Content starts

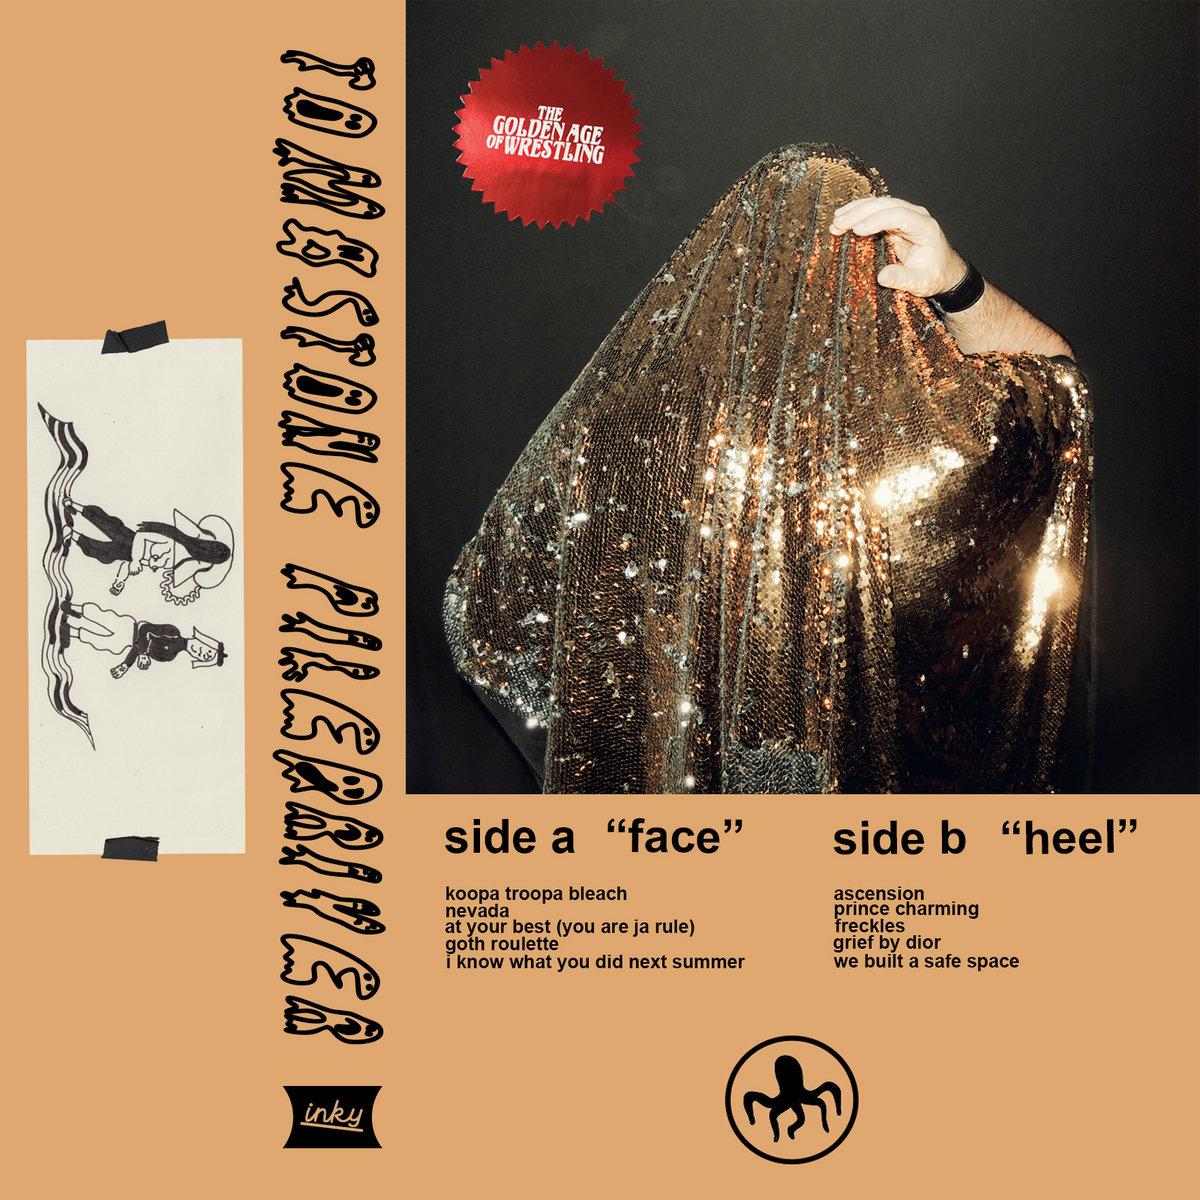 Negro Con Flaquita Latina Porno Castellano playlists | cjsf 90.1fm radio
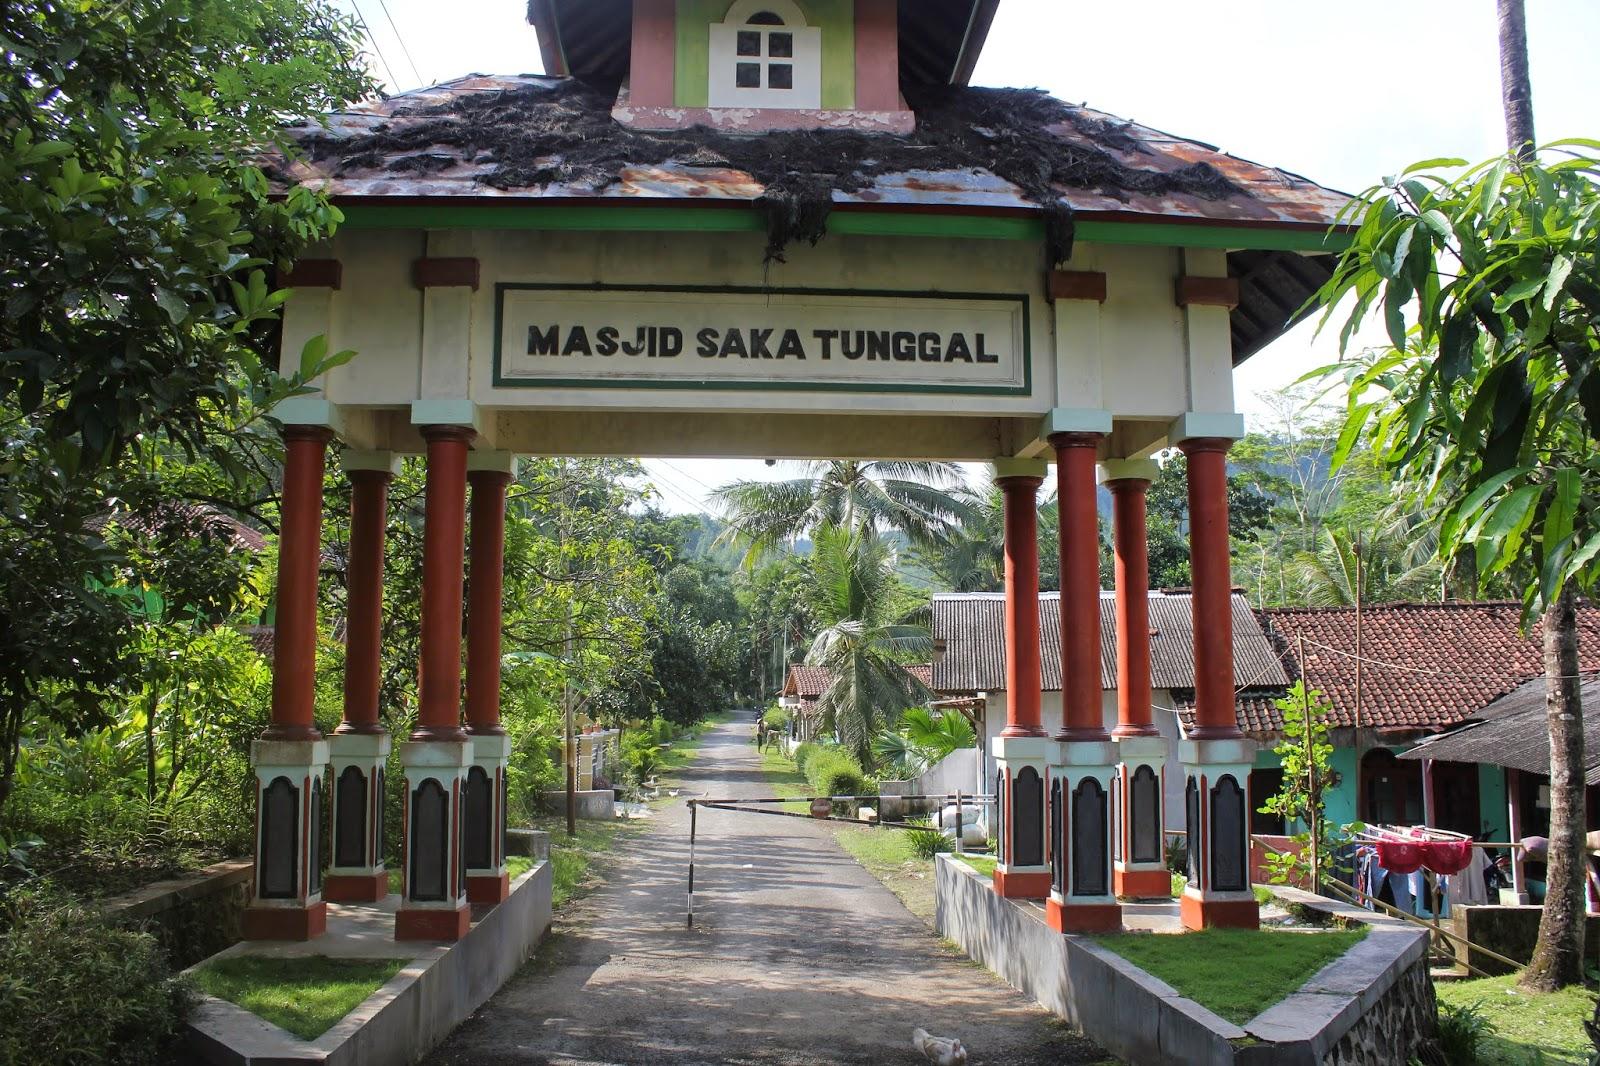 Sejarah Masjid Saka Tunggal Baitussalam Banyumas Kab
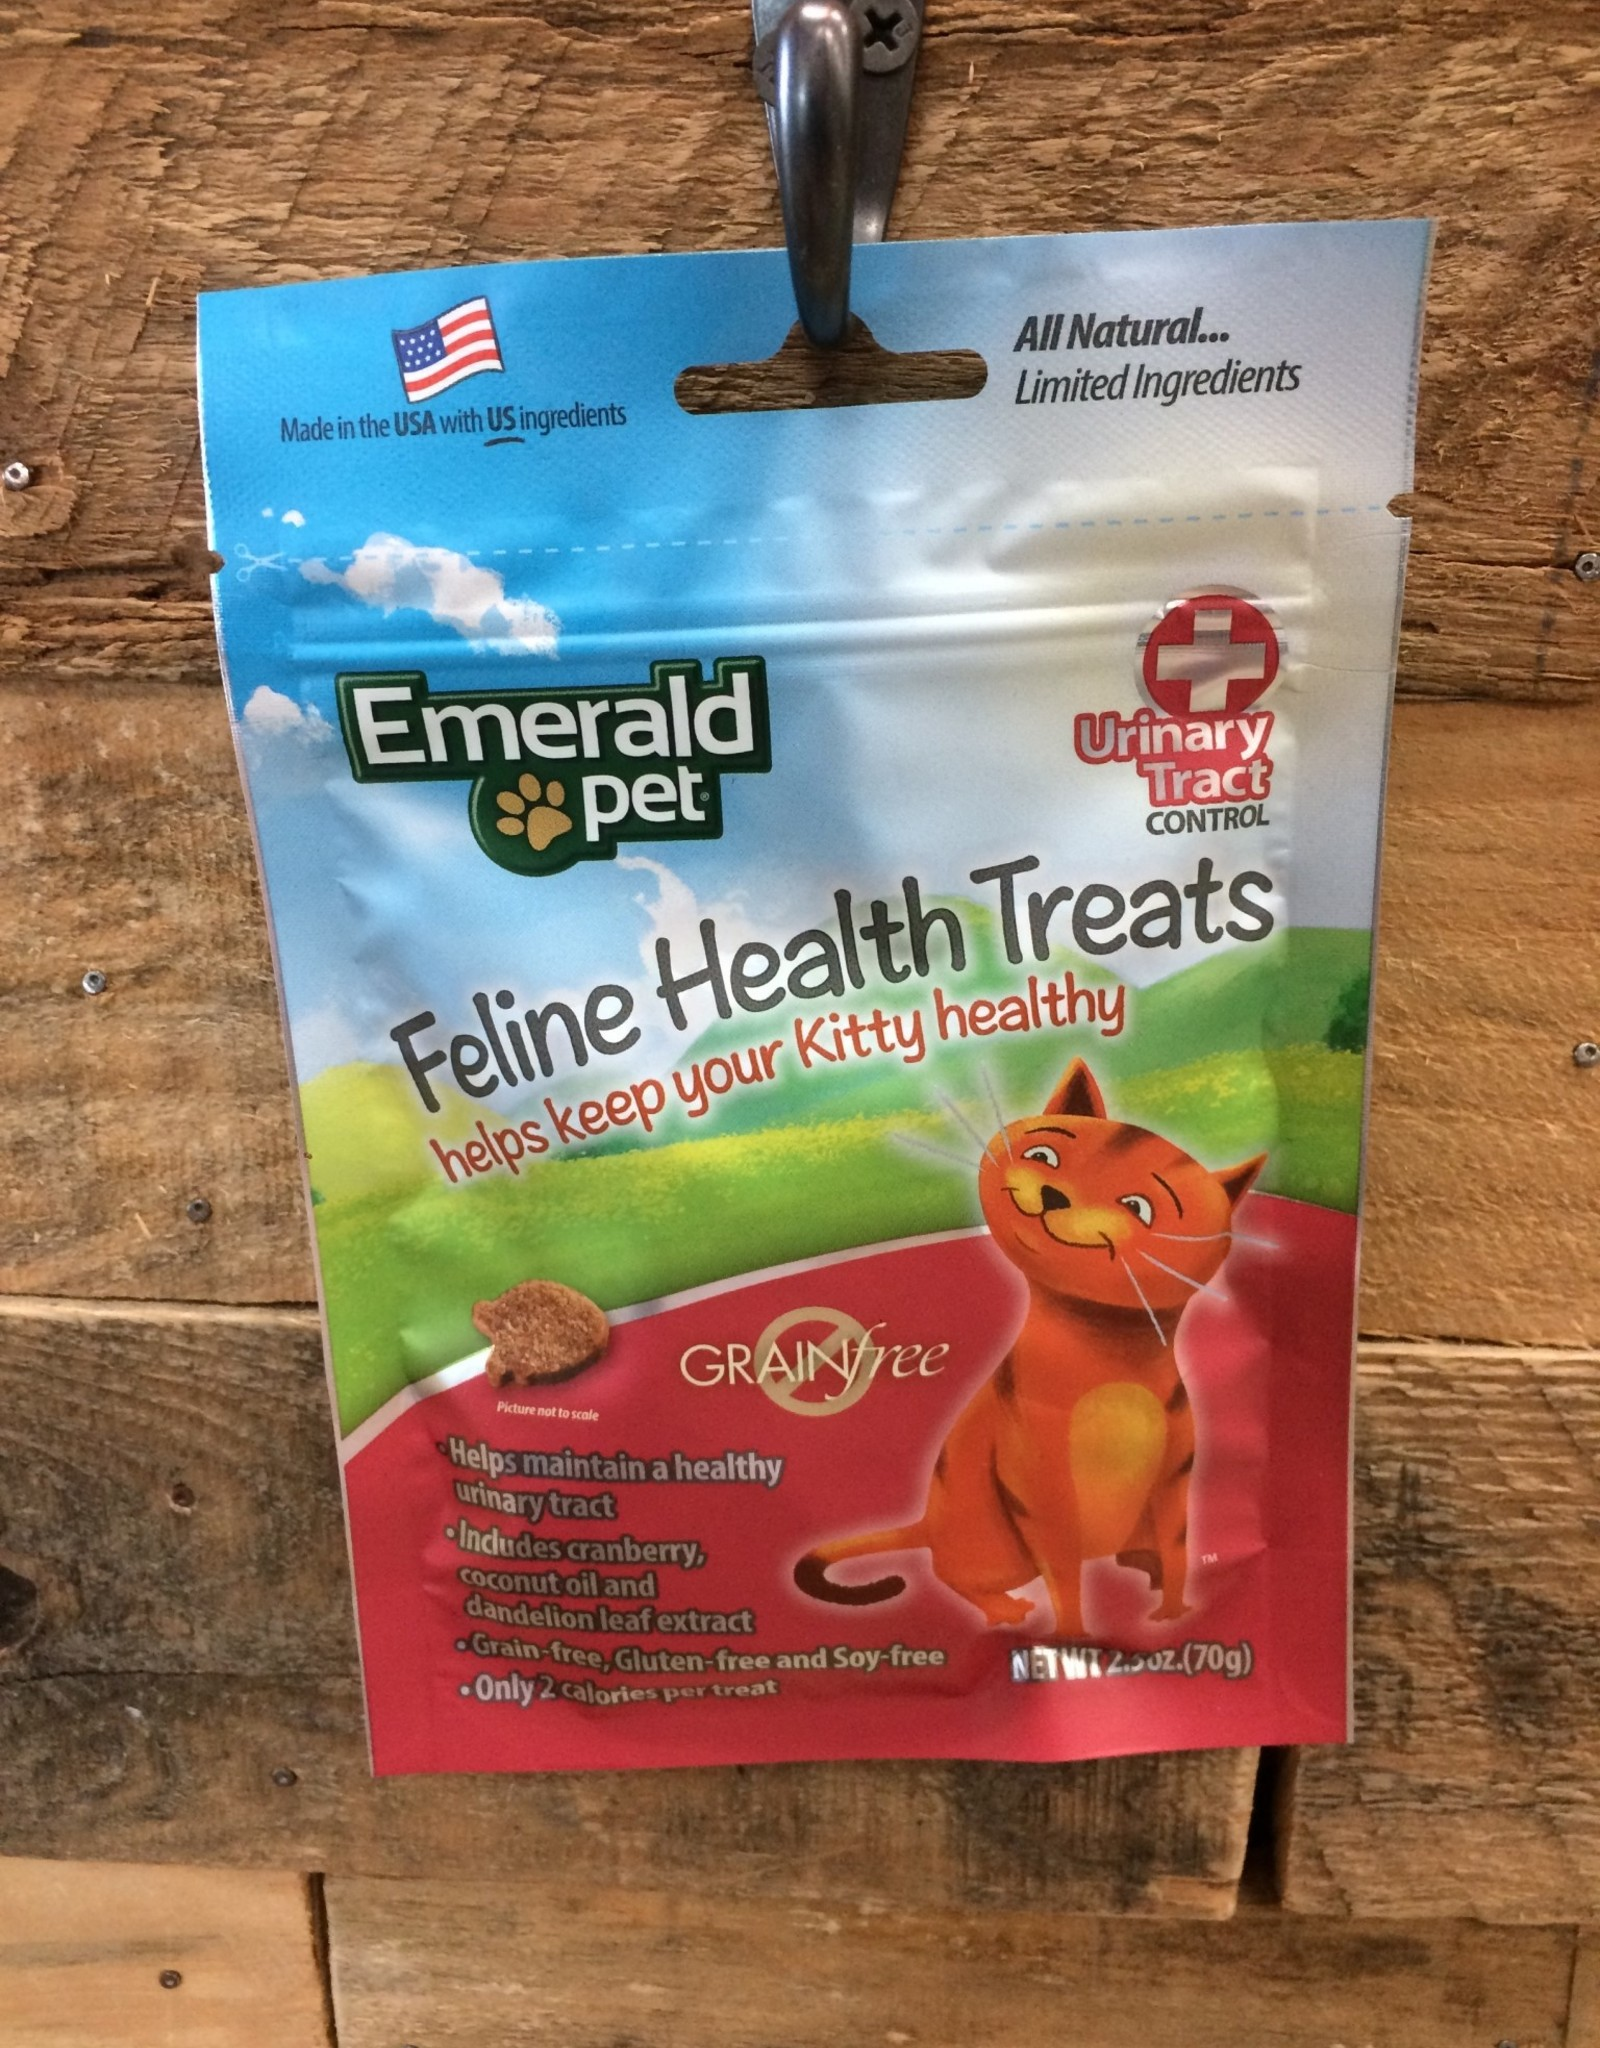 EMERALD PET 2.5 OZ. URINARY TRACT FORMULA CAT TREATS - CHICKEN

Content ends

_WHAT TO DO_
Where pictures sit among the data above, omit them, and output the rest exactly.

_ANSWER TO THE EXERCISE_
 Negro Con Flaquita Latina Porno Castellano playlists | cjsf 90.1fm radio
 Sejarah Masjid Saka Tunggal Baitussalam Banyumas Kab
 EMERALD PET 2.5 OZ. URINARY TRACT FORMULA CAT TREATS - CHICKEN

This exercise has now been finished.